There are pictures in the records below; leave them out and set down exactly the lines from the one holding "Zwarte fiets met" through the one holding "Zwei Portionen Schoko-Vanille-Pudding".

■ EXTRACTED INFORMATION

---

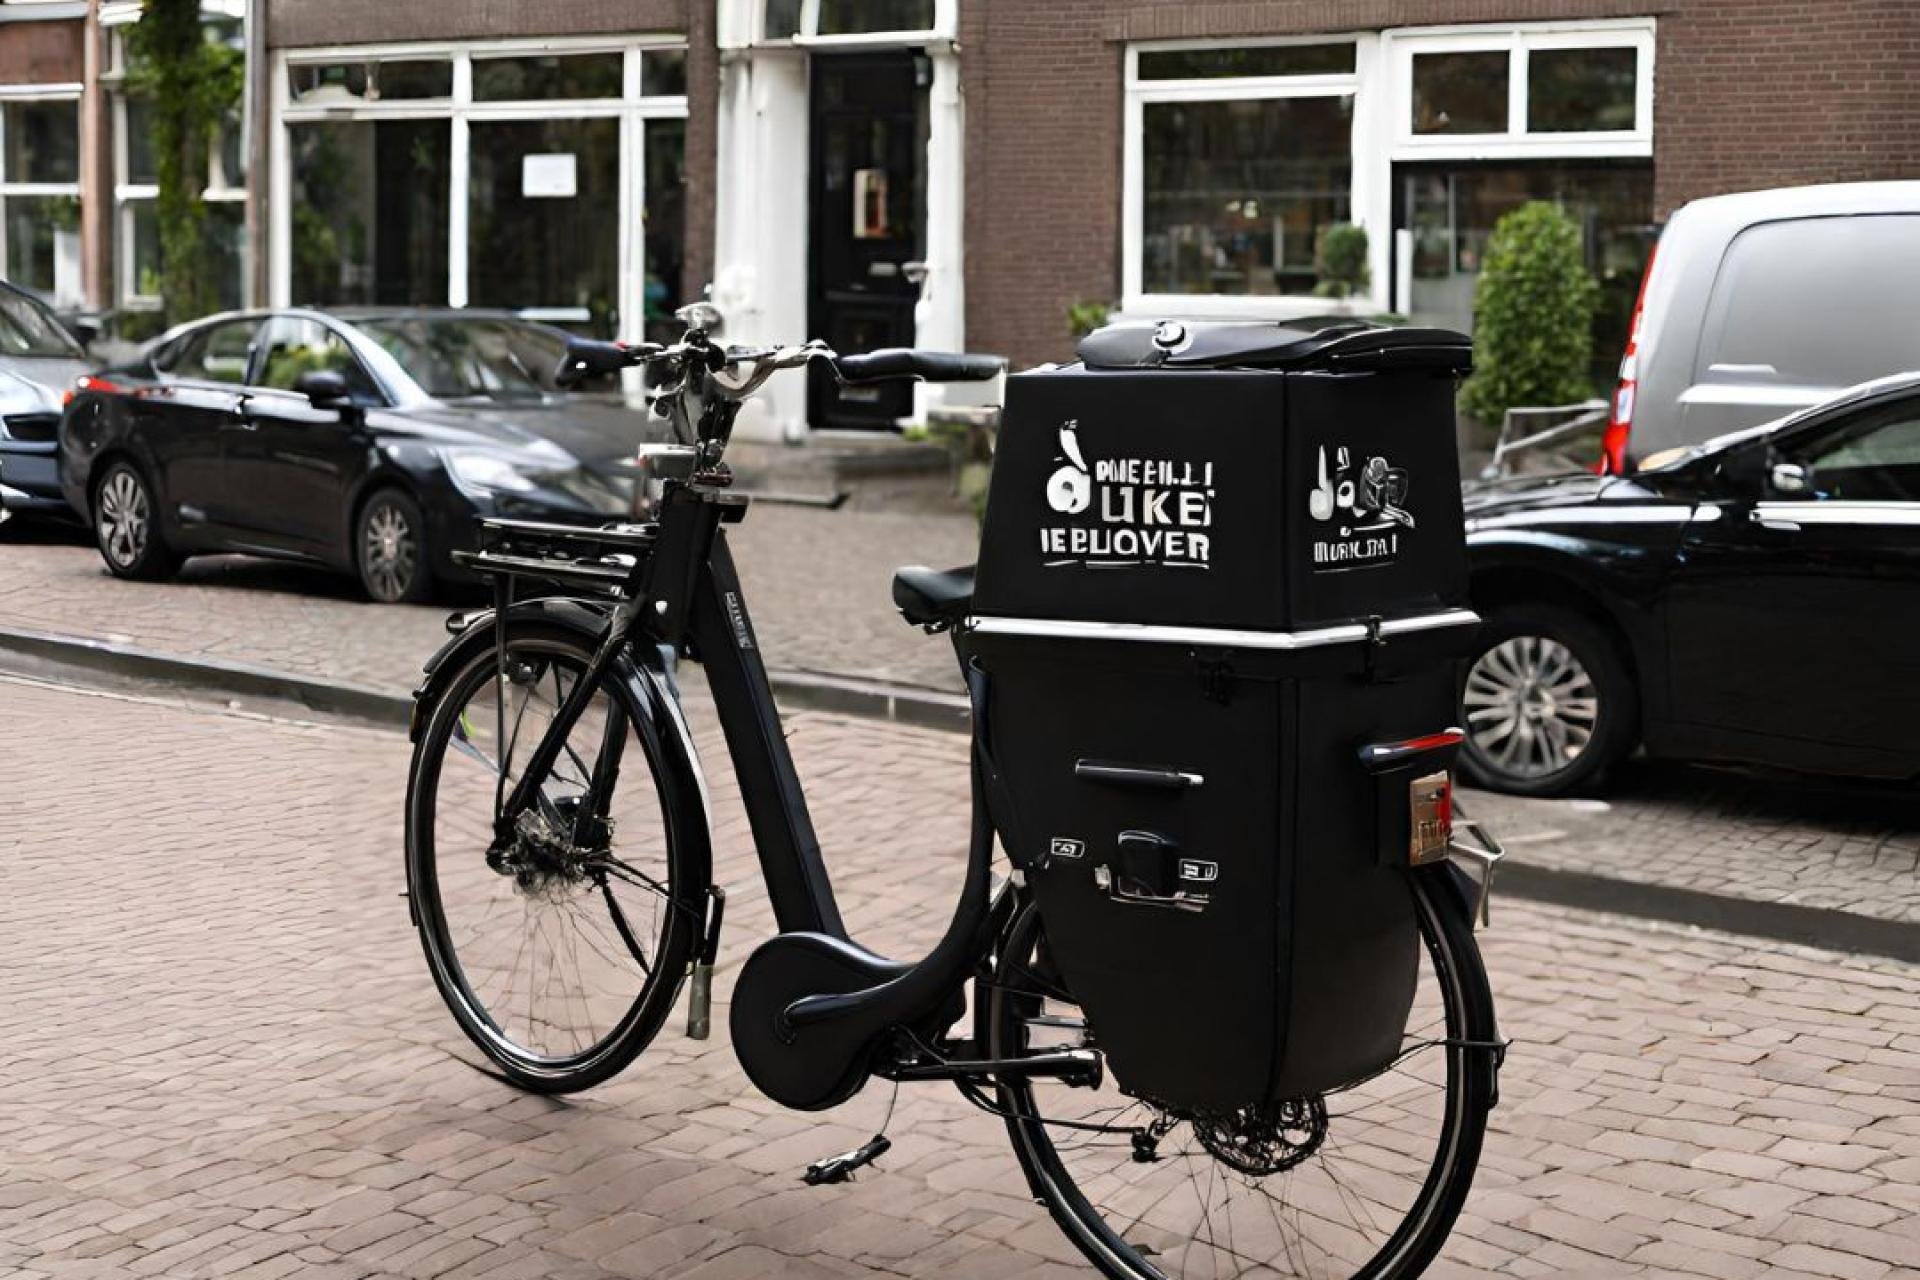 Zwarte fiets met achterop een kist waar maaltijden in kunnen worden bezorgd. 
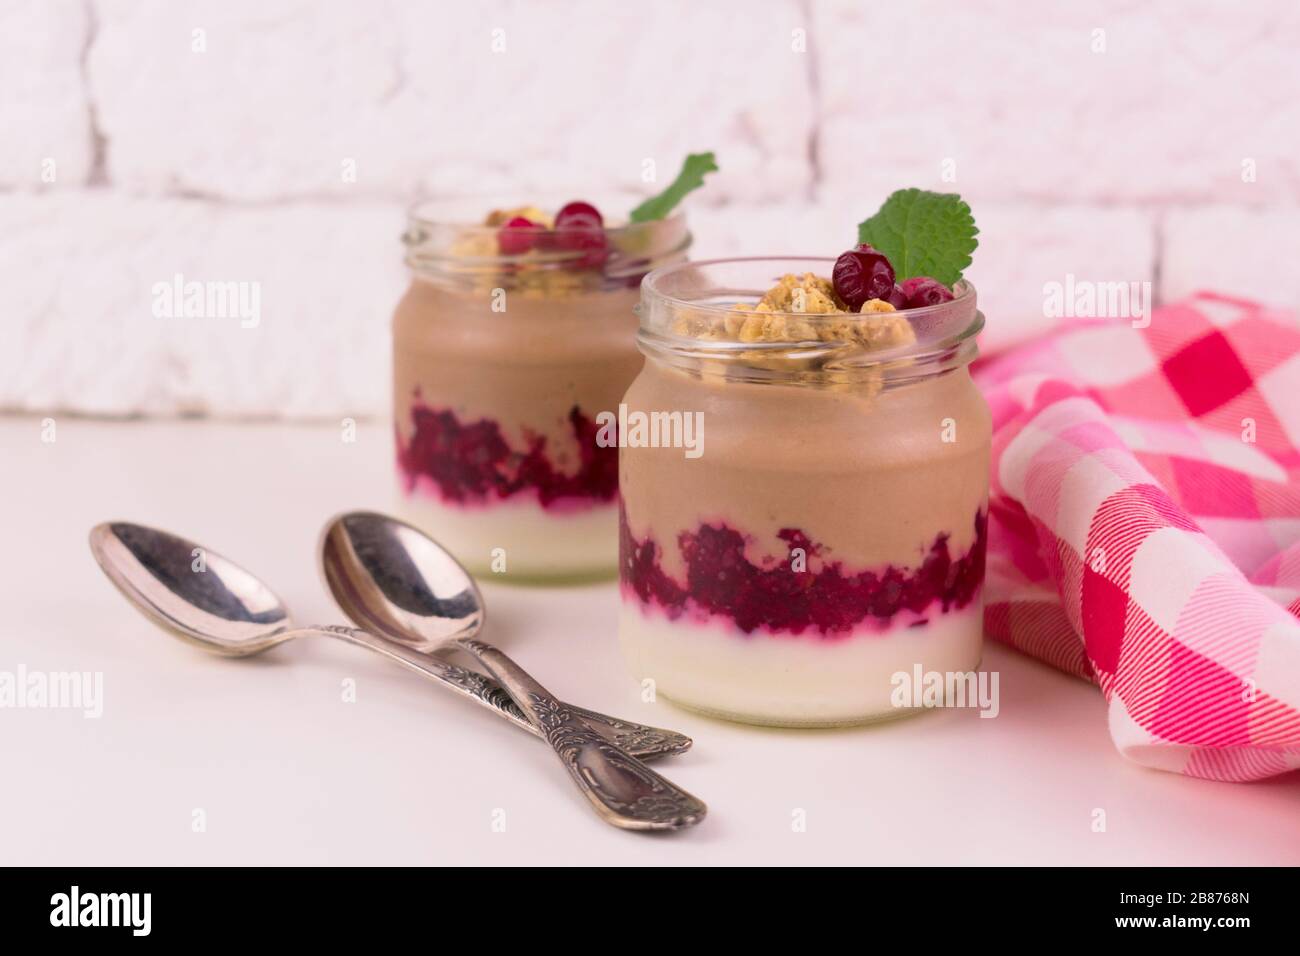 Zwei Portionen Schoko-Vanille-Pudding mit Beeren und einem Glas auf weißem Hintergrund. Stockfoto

---

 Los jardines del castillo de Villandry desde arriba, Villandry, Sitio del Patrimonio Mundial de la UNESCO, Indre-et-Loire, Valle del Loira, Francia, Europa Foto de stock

---

■ YOUR RESPONSE
 Zwarte fiets met achterop een kist waar maaltijden in kunnen worden bezorgd. 
 Zwei Portionen Schoko-Vanille-Pudding mit Beeren und einem Glas auf weißem Hintergrund. Stockfoto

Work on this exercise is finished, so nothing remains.